Bergstrom EN, Abbasi A, Diaz-Gay M, Ladoire S, Lippman SM, and Alexandrov LB (2023) Deep learning predicts homologous recombination deficiency and platinum response from histology slides in breast and ovarian cancers. medRxiv.

License

Academic Software License: © 2022 University of California, San Diego (“Institution”). Academic or nonprofit researchers are permitted to use this Software (as defined below) subject to Paragraphs 1-4:

  1. Institution hereby grants to you free of charge, so long as you are an academic or nonprofit researcher, a nonexclusive license under Institution’s copyright ownership interest in this software and any derivative works made by you thereof (collectively, the “Software”) to use, copy, and make derivative works of the Software solely for educational or academic research purposes, and to distribute such Software free of charge to other academic or nonprofit researchers for their educational or academic research purposes, in all cases subject to the terms of this Academic Software License. Except as granted herein, all rights are reserved by Institution, including the right to pursue patent protection of the Software.
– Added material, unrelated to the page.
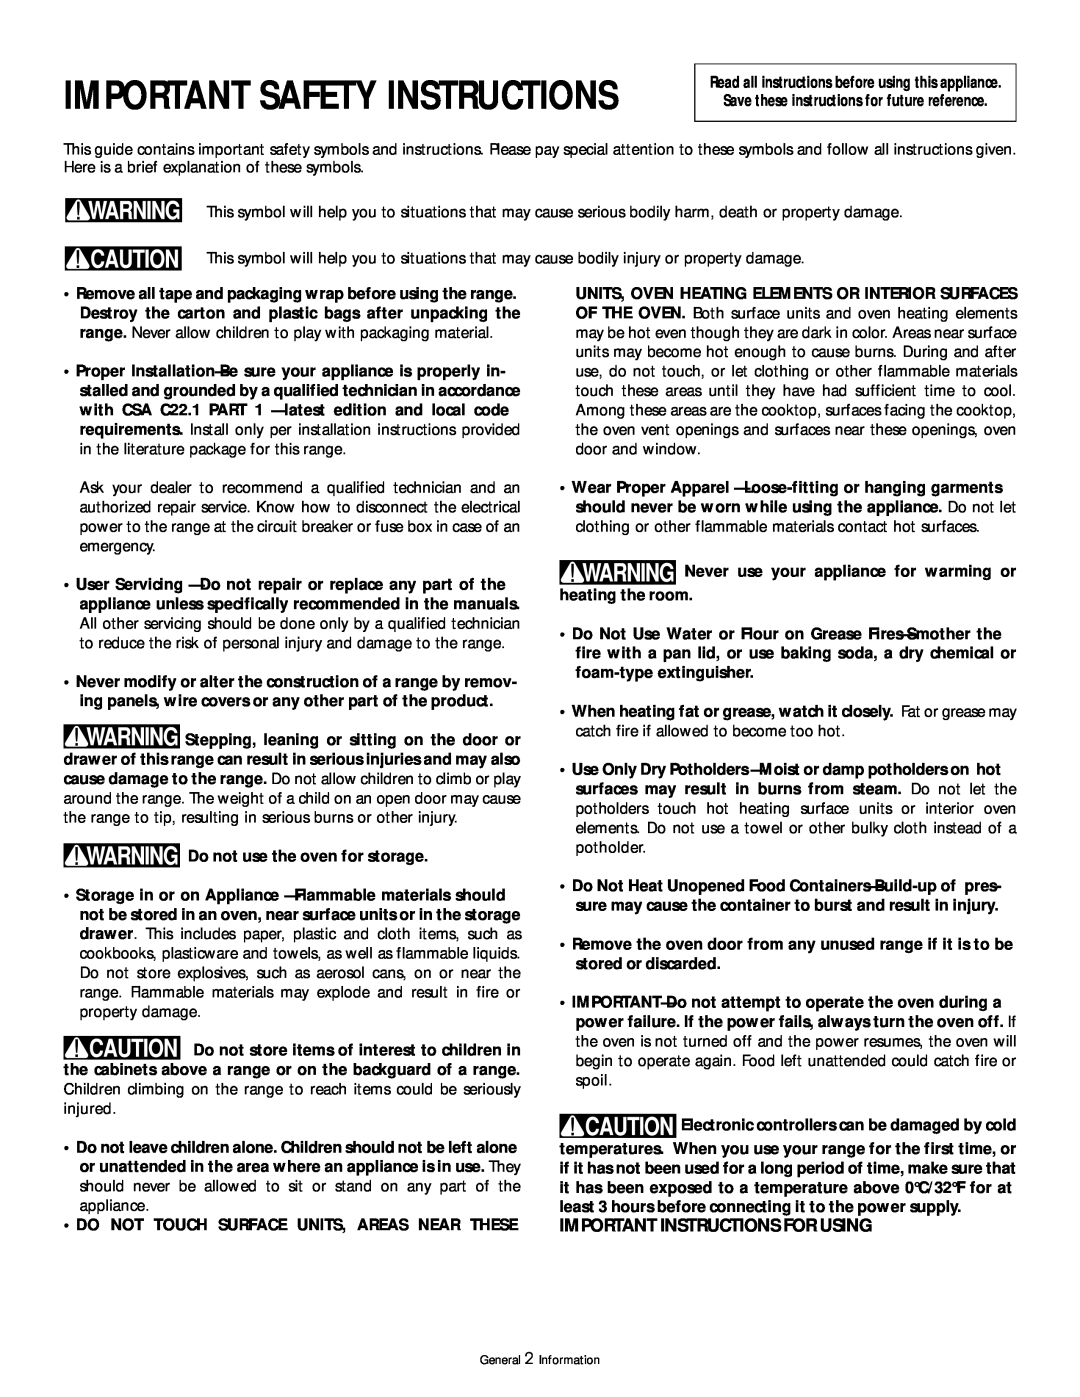 Tappan 318200409 warranty Important Instructions For Using, Important Safety Instructions, Do not use the oven for storage 
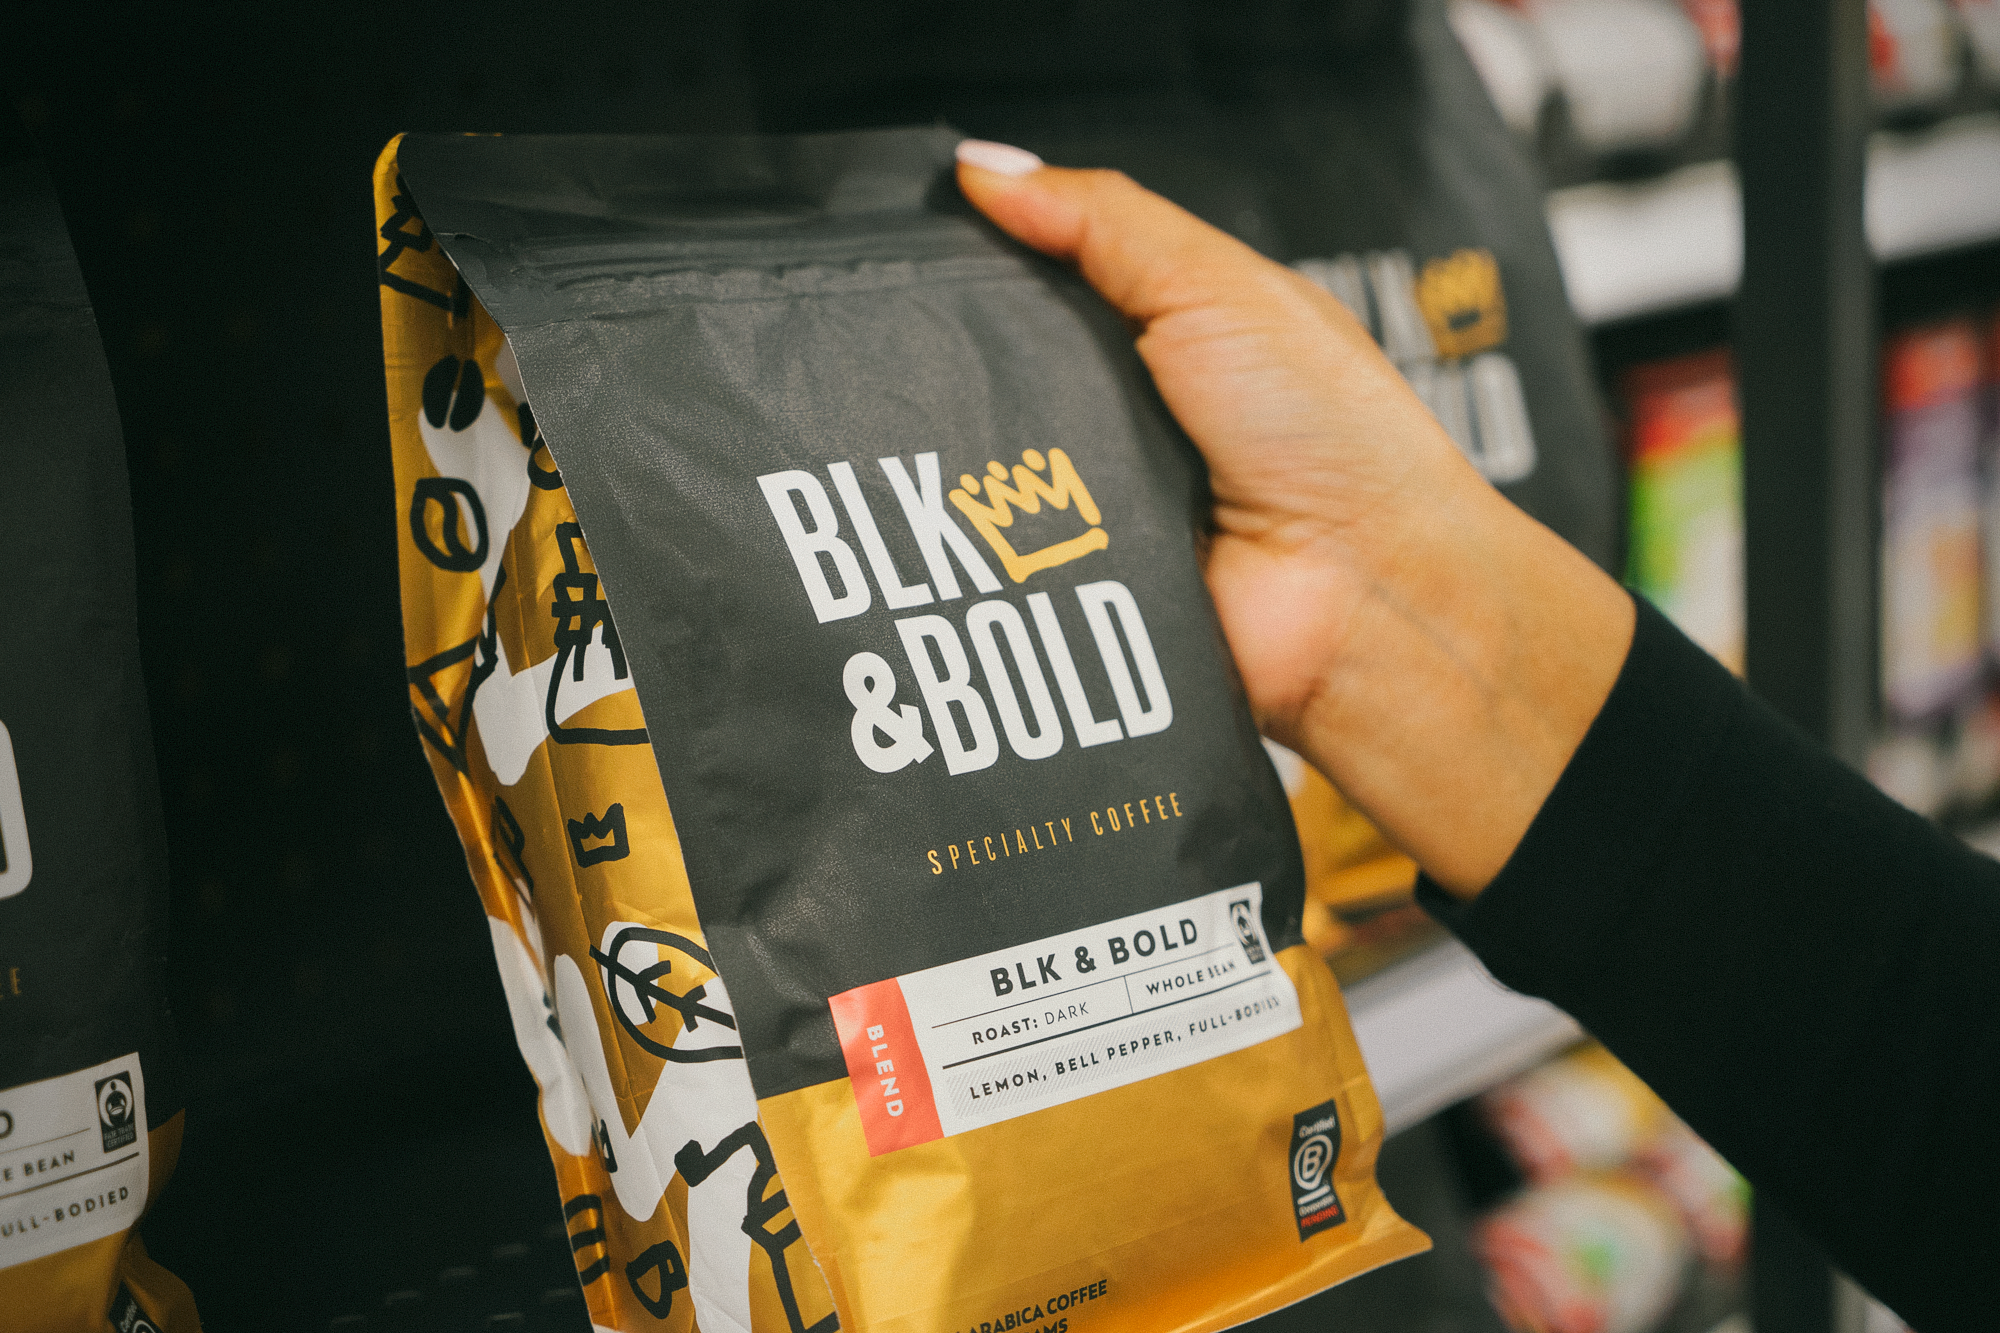 A package of BLK & Bold coffee held by a hand against some retail shelves.

  2. Any distribution of copies of this Software -- including any derivative works made by you thereof -- must include a copy (including the copyright notice above), and be made subject to the terms, of this Academic Software License; failure by you to adhere to the requirements in Paragraphs 1 and 2 will result in immediate termination of the license granted to you pursuant to this Academic Software License effective as of the date you first used the Software.

  3. IN NO EVENT WILL INSTITUTION BE LIABLE TO ANY ENTITY OR PERSON FOR DIRECT, INDIRECT, SPECIAL, INCIDENTAL, OR CONSEQUENTIAL DAMAGES, INCLUDING LOST PROFITS, ARISING OUT OF THE USE OF THIS SOFTWARE, EVEN IF INSTITUTION HAS BEEN ADVISED OF THE POSSIBILITY OF SUCH DAMAGE. INSTITUTION SPECIFICALLY DISCLAIMS ANY AND ALL WARRANTIES, EXPRESS AND IMPLIED, INCLUDING, BUT NOT LIMITED TO, ANY IMPLIED WARRANTIES OF MERCHANTABILITY AND FITNESS FOR A PARTICULAR PURPOSE. THE SOFTWARE IS PROVIDED “AS IS.” INSTITUTION HAS NO OBLIGATION TO PROVIDE MAINTENANCE, SUPPORT, UPDATES, ENHANCEMENTS, OR MODIFICATIONS OF THIS SOFTWARE.

  4. Any academic or scholarly publication arising from the use of this Software or any derivative works thereof will include the following acknowledgment: The Software used in this research was created by Alexandrov Lab of University of California, San Diego. © 2022 University of California, San Diego.